Dalit women also suffer religious-sanctioned sexual exploitation. Devadasi literally means God’s female servant, where according to ancient Hindu practice, young pre-pubescent girls are given away in matrimony to a local religious deity. These girls are almost always Dalits and are not allowed to marry, as they are supposedly married to the temple. They ‘serve’ the priests and inmates of the temple and other local men of money and power. The ‘service’ (read sexual satisfaction) given to these men is considered akin to service of God. The Devadasi is dedicated to the service of the temple Deity for life and there is no escape for her – if she wants to escape, society will not accept her.  The Devadasi system is still flourishing in parts of India, especially in the South.

Access to justice is also a pressing issue – Dalits face a multitude of problems from the first stages of filing a complaint to the handing down of judgments. Prasad, from the National Campaign for Dalit Human Rights, tells us of a recent study showing that 20% of police stations don’t even allow Dalits through the front door, and when they do gain entry they face threats to withdraw complaints and repeated psychological pressure to discontinue the process. Cases have been known to take up to 30 years – justice delayed is in fact justice denied…

Many of their frustrations seem to lie in the fact that despite India’s raft of laws, provisions, reservations and schemes in favour of Dalits on economic, social and cultural rights as well as civil and political rights, impunity reigns and implementation of these protections is virtually absent. It is a marvel in itself that these 27 participants have managed to overcome prejudice and discrimination to become well-educated community leaders, lawyers and business people. How do they do it? With an iron will and hope that things will change – the caste system is around 5000 years old and we’re only 50 years into the fight to abolish it – I wonder if the grandchildren of these activists will reap the fruits of their forefathers struggle?

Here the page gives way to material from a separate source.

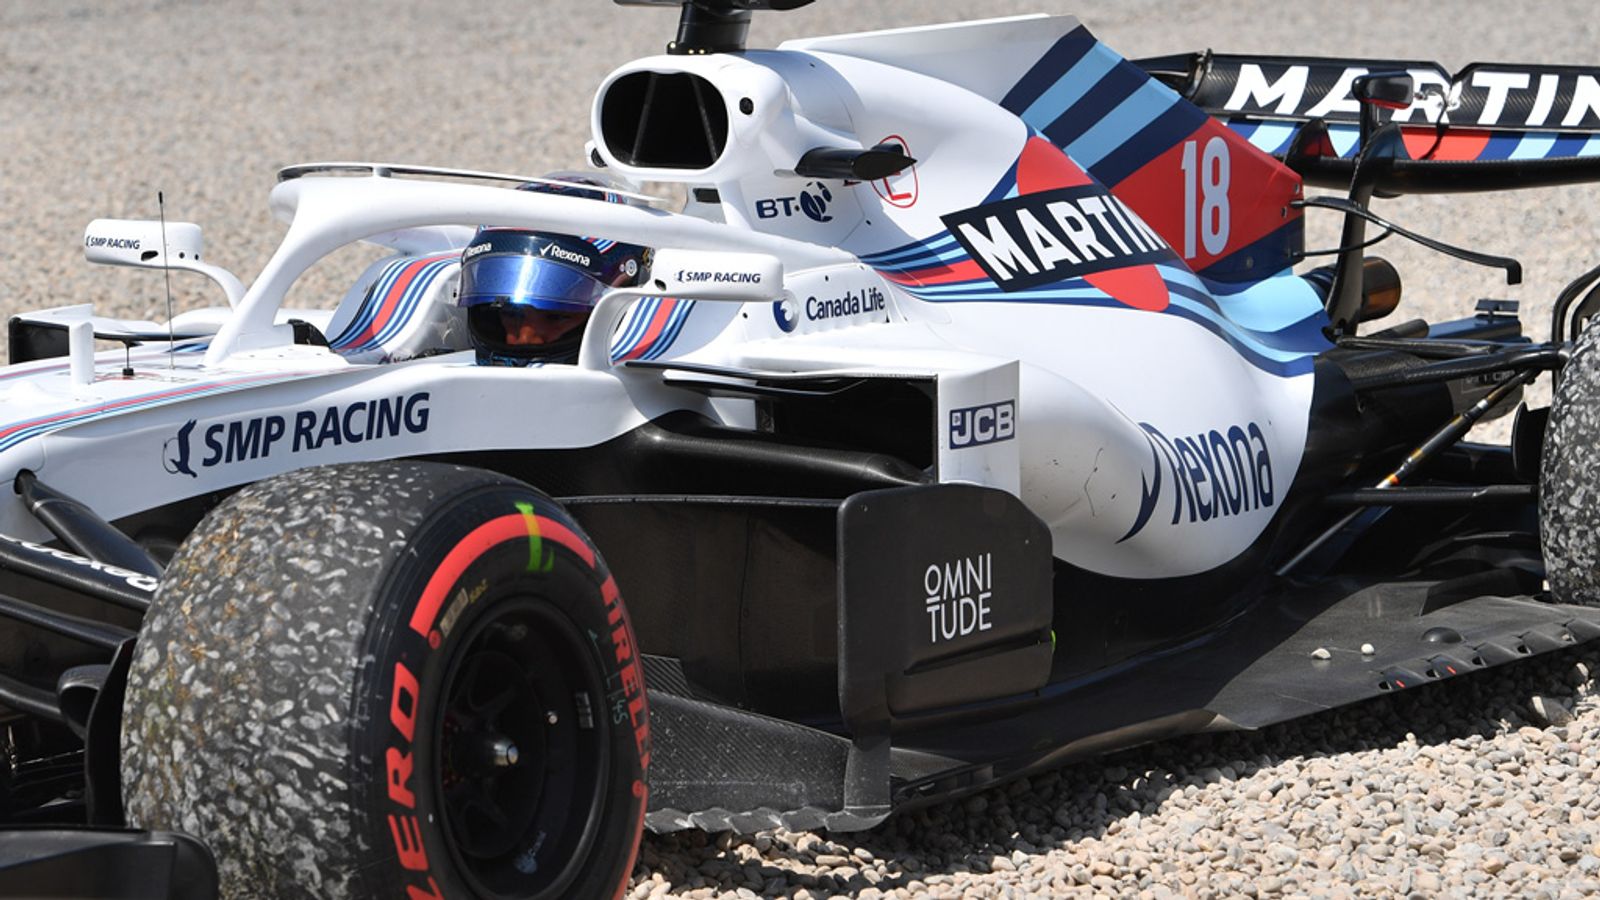 What's wrong with the Williams car? | F1 News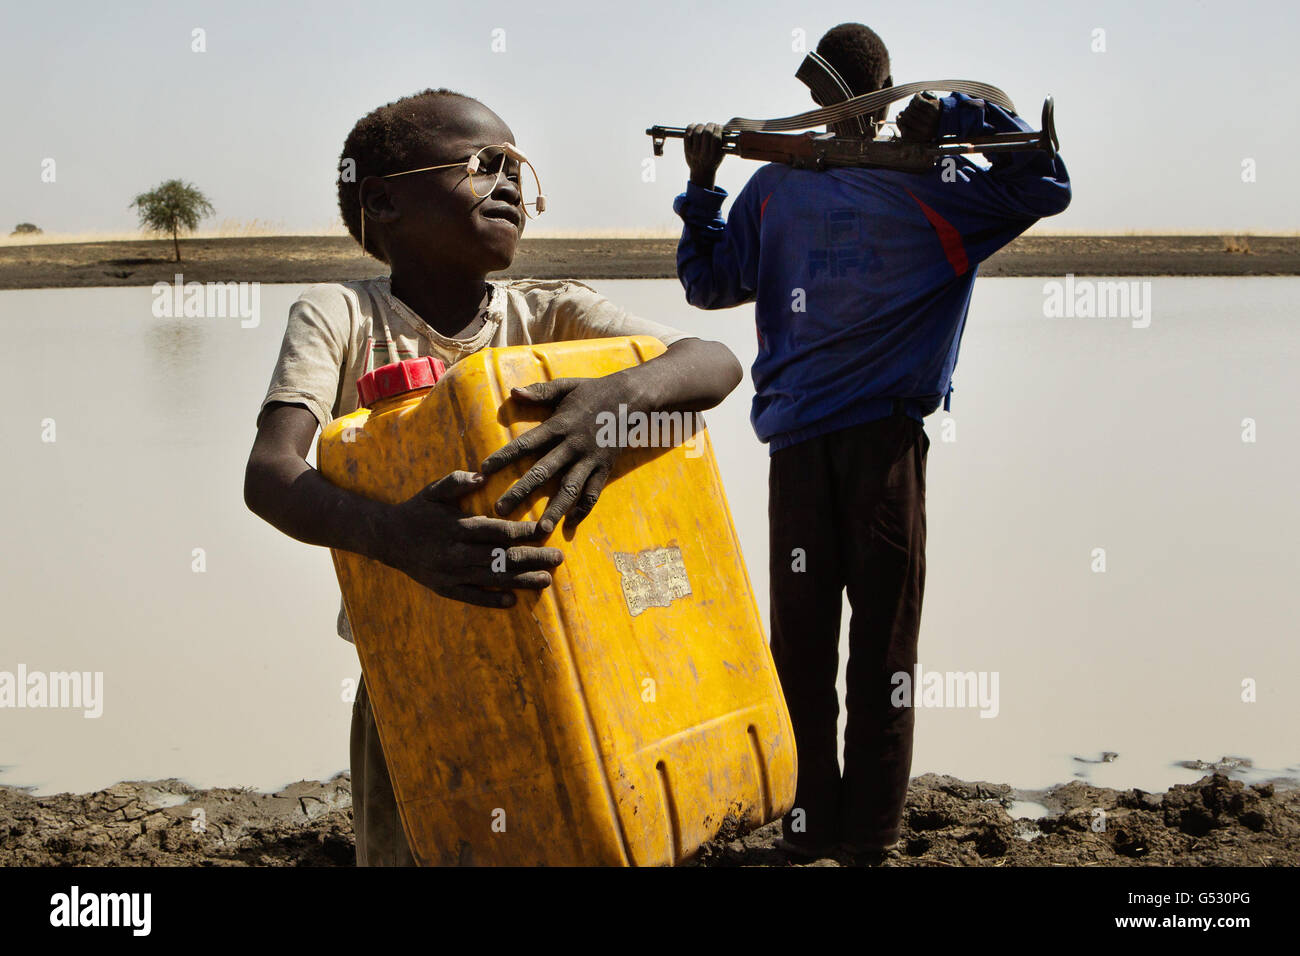 A young boy carries water in a jerry can to his village while his grandfather, the village chief, cradles an AK 47 rifle watching out for cattle rustlers and lions, at the only water source in the area, along the Sobat River in the Greater Upper Nile region of north-eastern South Sudan, Africa. Stock Photo

At MRG we’re used to minorities being fiercely protective of their identity, yet for Dalits the case is just the opposite. The impression I receive is that they want to shed the shackles that their identity gives them and escape into anonymity. Conversion to other faiths, such as Christianity and Buddhism, unfortunately doesn’t seem to have given them their longed-for freedom from the caste system – we even hear tales of Christian Dalits being prevented from entering churches.

When I flick through The Hindu, south India’s respected daily newspaper, a closer look at the lonely hearts column confirms my sense of India’s hyper-hierarchical society. Both caste and sub-caste (as well as preferred career of your loved one and skin tone) are painstakingly detailed in almost every entry – it makes for sobering reading….

Particants at the training

Participants at the training

For the Sri Lankans attending the training, enjoying a brief respite from their war-torn homeland, the right to life, peace and security seems to be the most vital when we run a session identifying rights violations. Speaking out against the government can mean risking death and courting the media to spread your advocacy message is a distant dream on the island (as evidenced by recent and fatal attacks against journalists).

Yet it’s not all bad – we begin each session with a rousing song, one from each region and language represented, the men bashing out the complicated rhythms on the desktop and the women accompanying in high-pitched voices. By the end of the week the competition is fierce – everyone is vying to sing a song in their mother tongue. Now where’s that traditional London song I keep saved for these occasions….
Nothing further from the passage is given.